_What the task requires_
Please restate word for word the lines of the entries below from the one with "Macdonald Old England" to the one with "Free Printable Large", inclusive, and leave out every picture.

_Material provided_
= Beginning of Section =

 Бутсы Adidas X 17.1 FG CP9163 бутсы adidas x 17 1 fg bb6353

= End of Section =
= Beginning of Section =

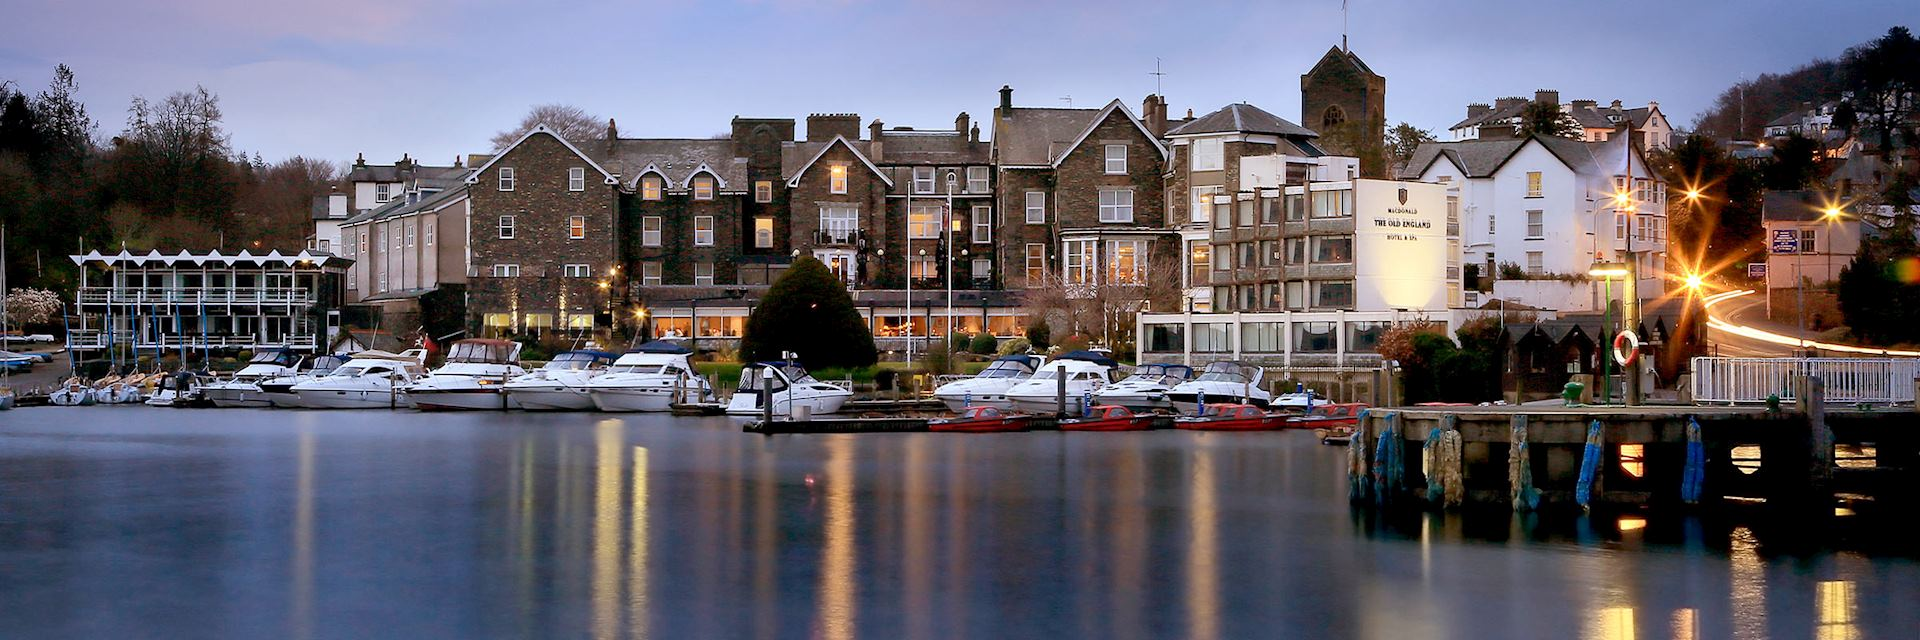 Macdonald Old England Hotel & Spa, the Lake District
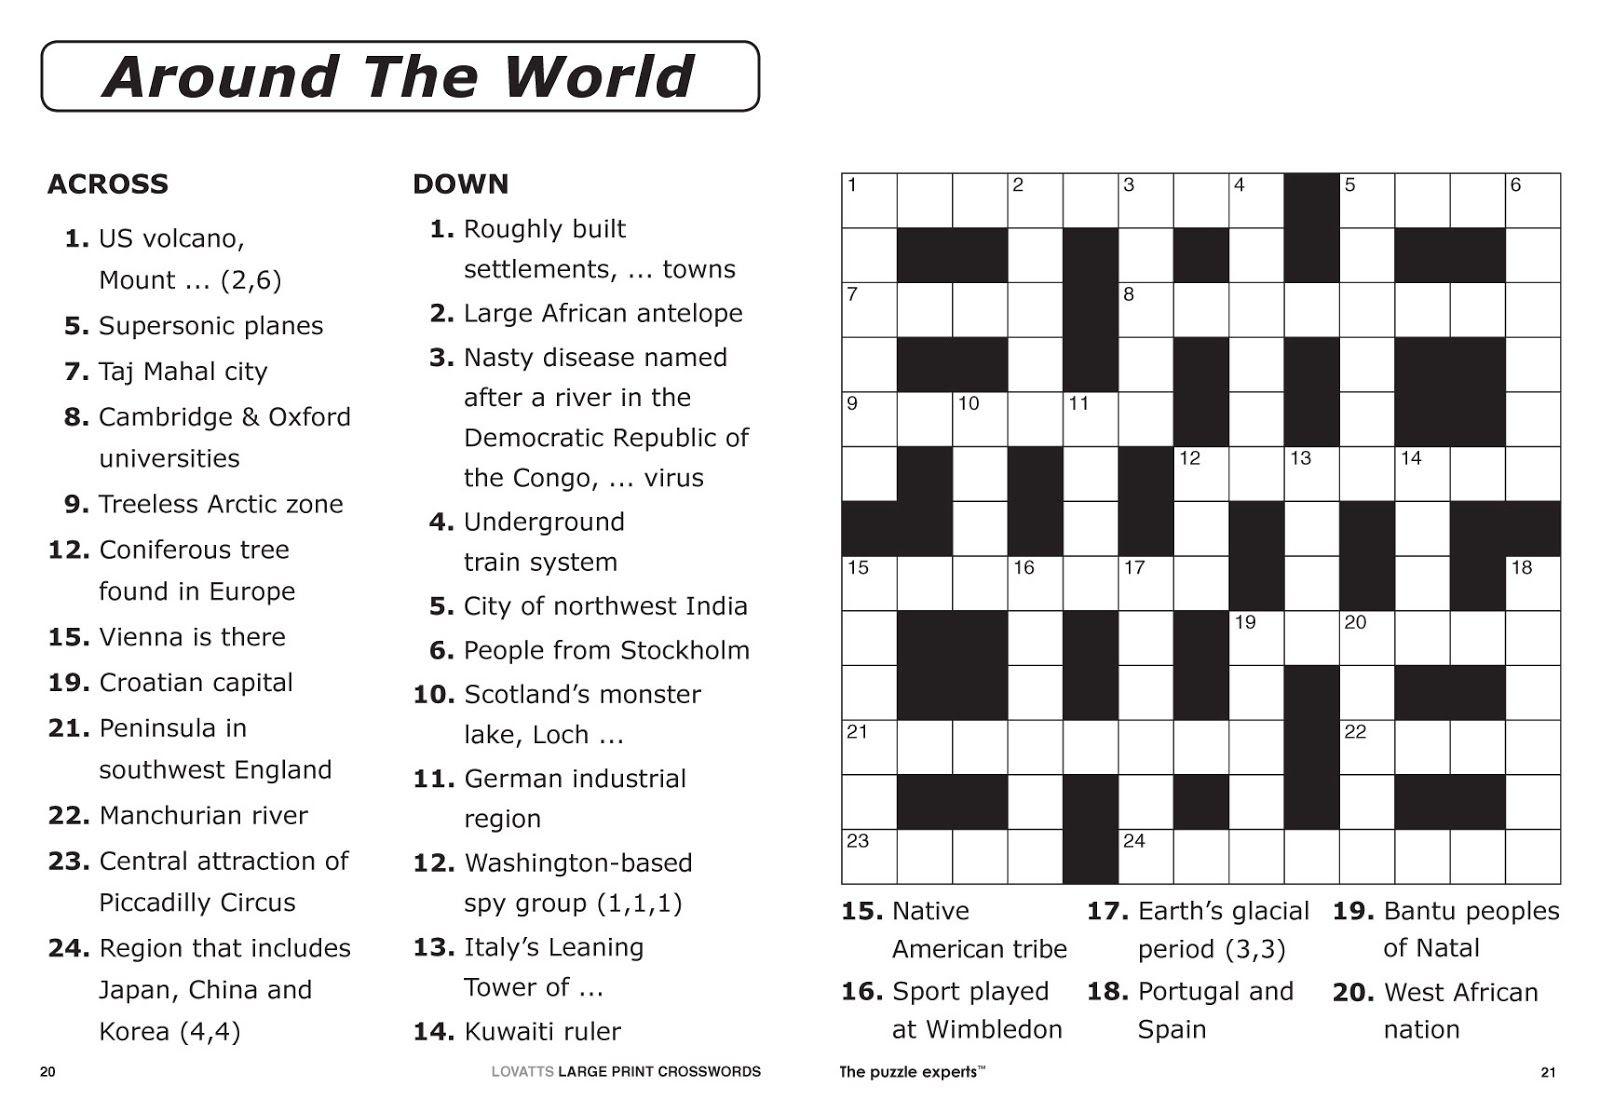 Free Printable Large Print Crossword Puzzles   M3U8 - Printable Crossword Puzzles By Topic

= End of Section =
= Beginning of Section =

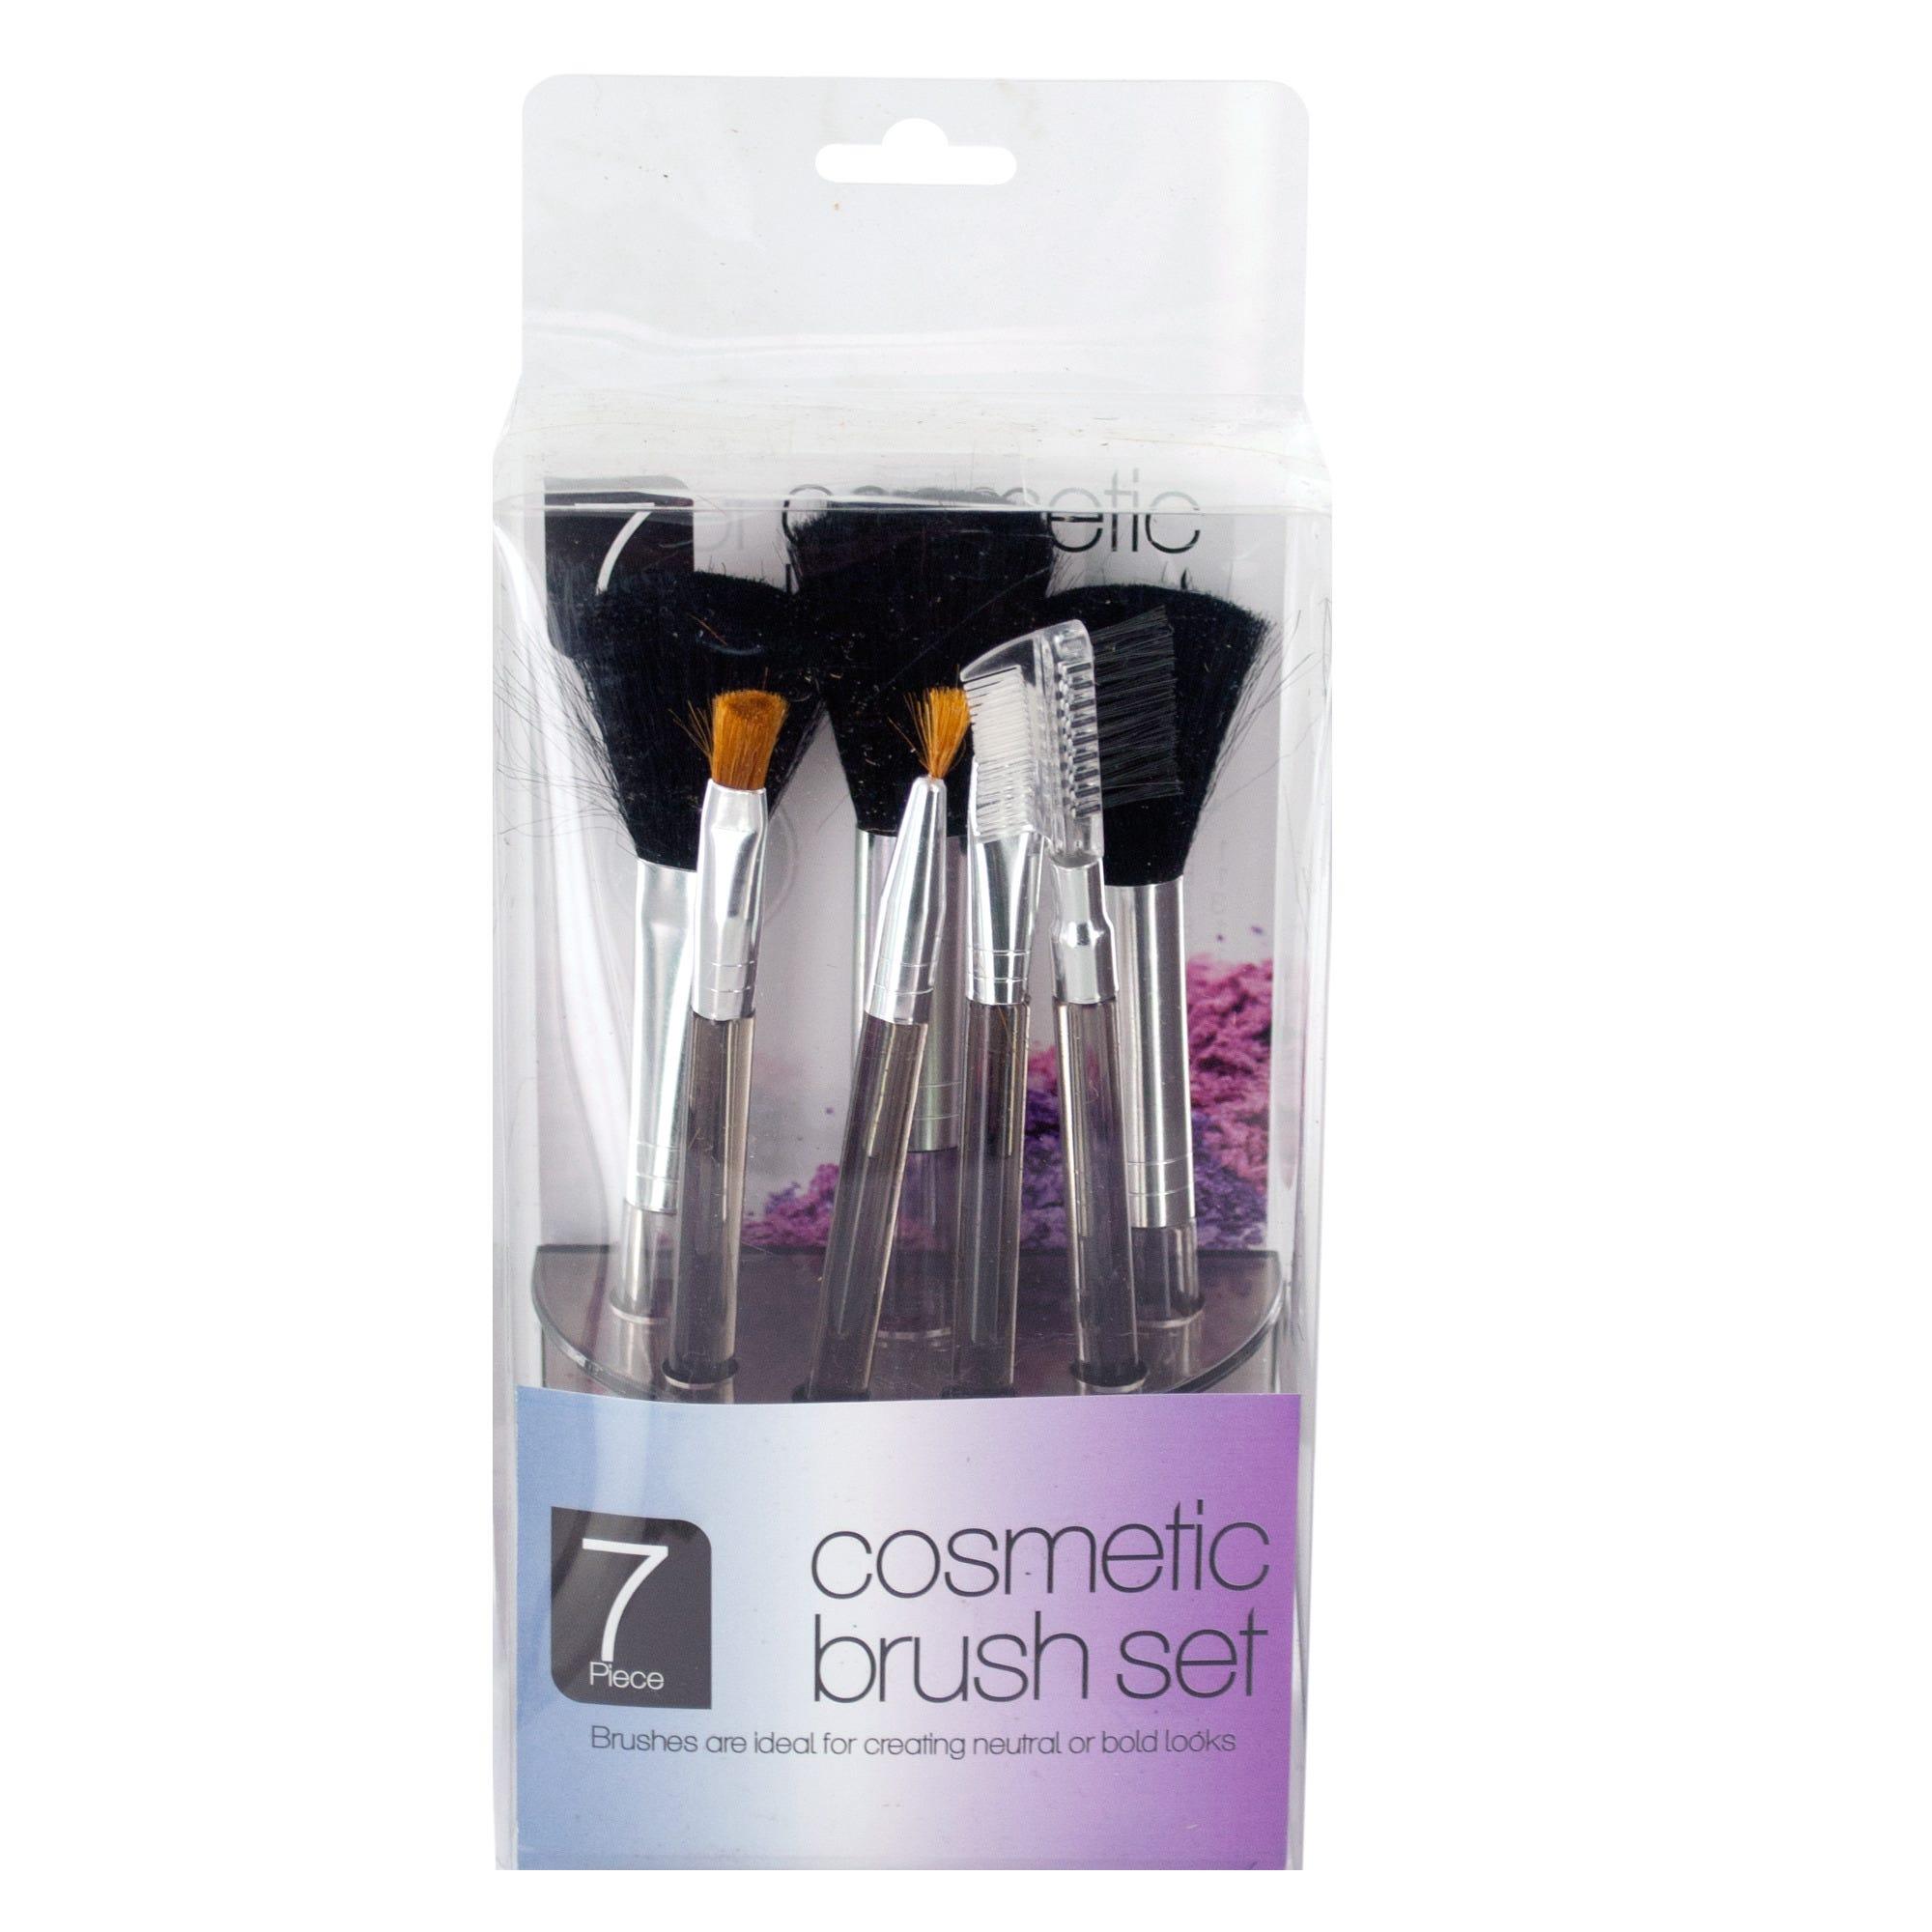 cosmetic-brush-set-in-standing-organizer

= End of Section =

_Response to this task_
 Macdonald Old England Hotel & Spa, the Lake District
 Free Printable Large Print Crossword Puzzles   M3U8 - Printable Crossword Puzzles By Topic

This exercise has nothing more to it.